Same here, as posted above from my logs. Where is this job configured? crontab does not list it. Is it burried somewhere ind the /etc/fcron.xxx subfolders?

Edit: Found! /etc/fcron.daily. But this means that cron is executing the jobs in this subfolder each day at 1:25? Can I temporarly disable the GeoIP updater?

Edit2: Yes, according to this line in crontab: &nice(10),bootrun 25 1 * * * test -x /usr/local/bin/run-parts && /usr/local/bin/run-parts /etc/fcron.daily

So still the question: can I disable the GeoIP updater without deleting it from the folder?

Michael

ummeegge · 16 November 2019 21:16

You can just remove the script from /etc/frcon.daily .

hellfire · 17 November 2019 08:47

So far I did not remove the cron job, however, I restart pmacct at 1:28 and this worked today.
It seems it is somehow related to the GeoIp updater, isn’t it?

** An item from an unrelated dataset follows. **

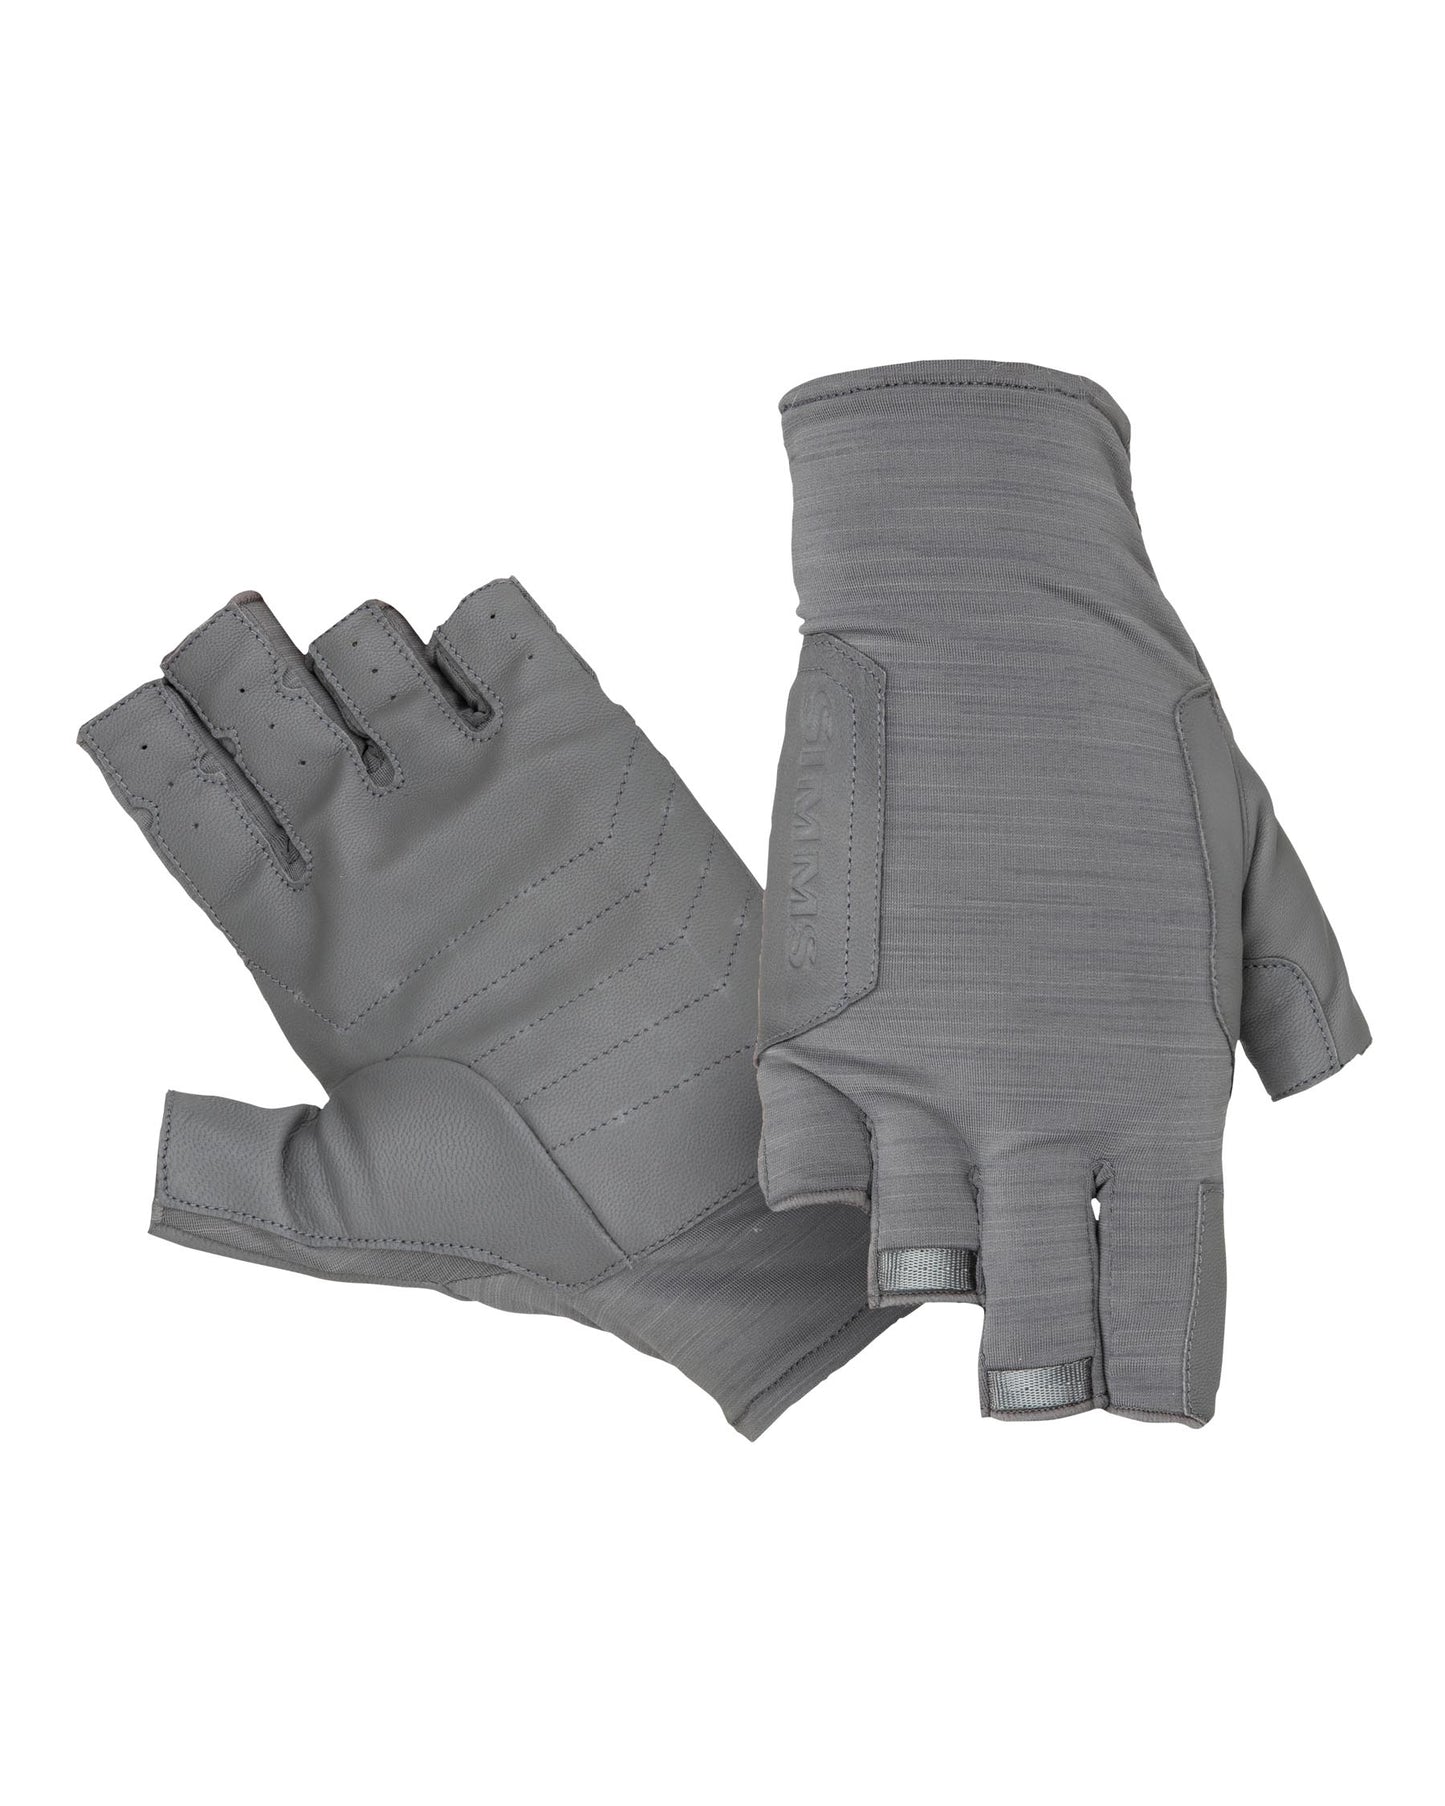 Simms Solarflex Guide Glove - Sterling - S

ummeegge · 17 November 2019 09:13

You can check it by executing the geoip-updater manually. If pmacctd runs, you can execute the script with enabled debugger via
bash -x /etc/fcron.daily/geoip-updater
if Pmacct runs before (ps aux) and after executing the updater the problem should not be caused by the script in my opinion.

Best,

Erik

hellfire · 17 November 2019 14:37

Found the source of the issue by executing the updater manually:
+ /etc/init.d/pmacct restart
Stopping the pmacct daemon… [ OK ]
Starting the pmacct daemon…
ERROR: [/etc/pmacct/pmacct.conf] file not found. [ FAIL ]

The init script tries to restart with config-file pmacct.conf. Mine, however, is named different. So the daemon won’t start in this case. Now, I’ve two options: rename my configuration file or change the init script.

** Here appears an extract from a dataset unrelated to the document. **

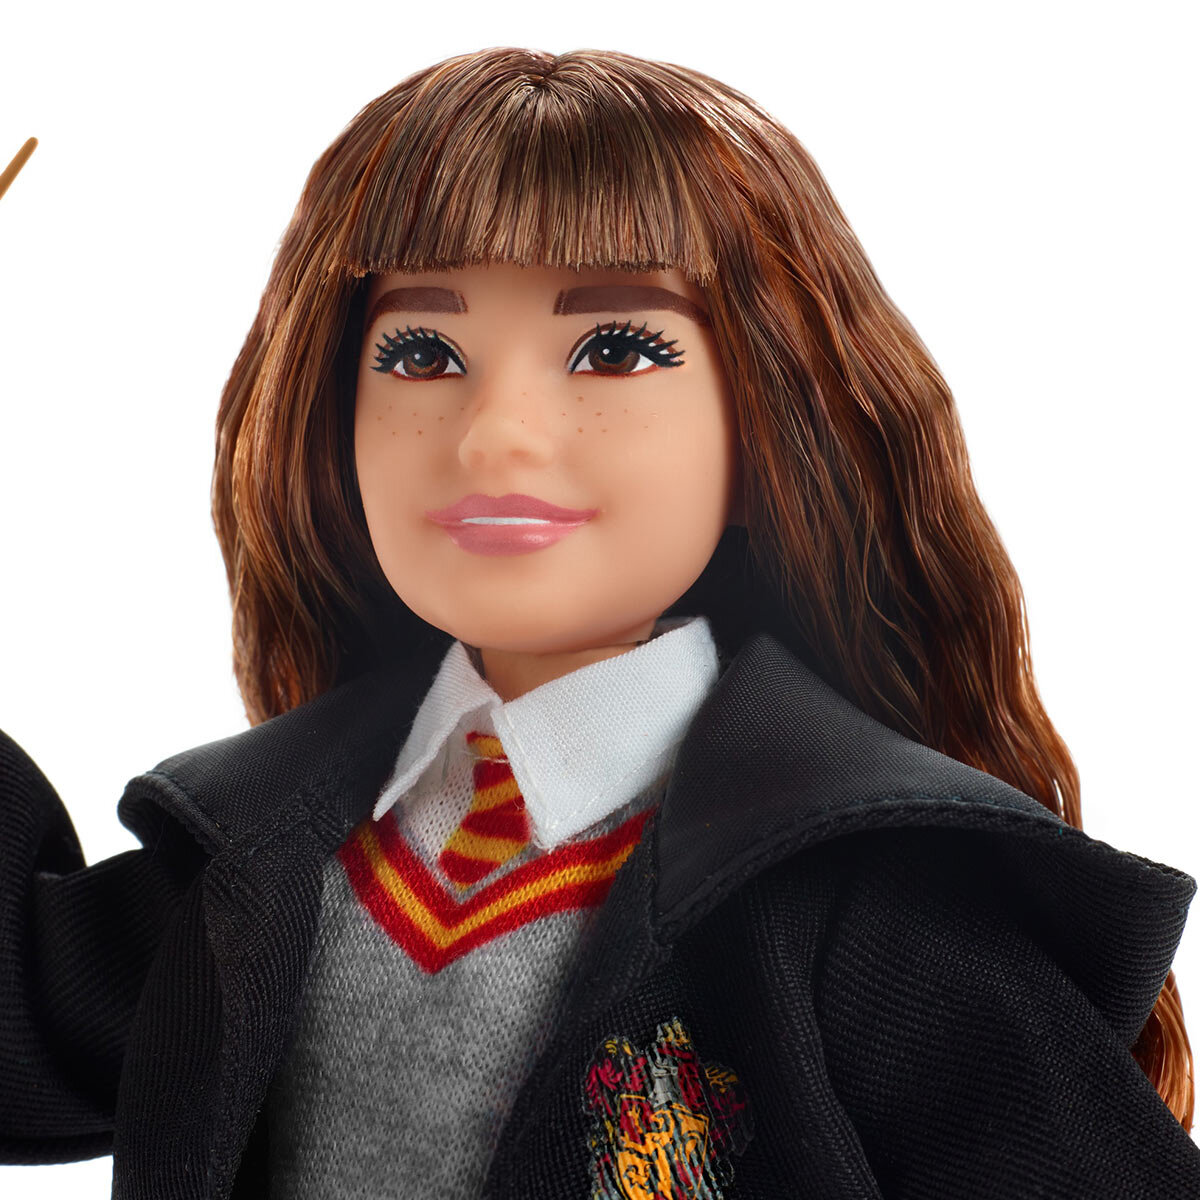 Buy Harry Potter Figure Set Close-up2 Image at Costco.co.uk

The first one is not that easy since I will monitor green and red interface later, right now just the green one, and using the mapping file I cannot properly distinguish between both interfaces.

Anyway, when using two config files later on, I guess I will have to change the init script anyway to start two pmacctd daemons at once.

Or do you know how to bring the interface name and not the index from the mapping file into the aggregation filter and into the resulting CSV-file?
The numeric index for the interface ssems to be possible, but I don’t know if this is true also for the interface name, like green.

Michael

ummeegge · 17 November 2019 16:16

Hi Michael,

this has also been a problem with a newer build since i wanted to norm the directory names to ‘pmacctd’ which is here fixed in my env but which should be another thing. OK, so the first suspect with fcron was indeed the problem… We should find really a way to mark such stuff in one topic as solved !

Why not using the networks.lst → https://github.com/pmacct/pmacct/blob/master/examples/networks.lst.example ?
configure directive:
networks_file: /etc/pmacctd/networks.lst
aggregate option:
src_net, dst_net

Why you want to use two Core instances ? Isn´t it possible to solve this via two or multiple plugins in one configuration and therefore with only one Core process ?

May via ‘CustID#1’ or via subnet address ?

Best,

Erik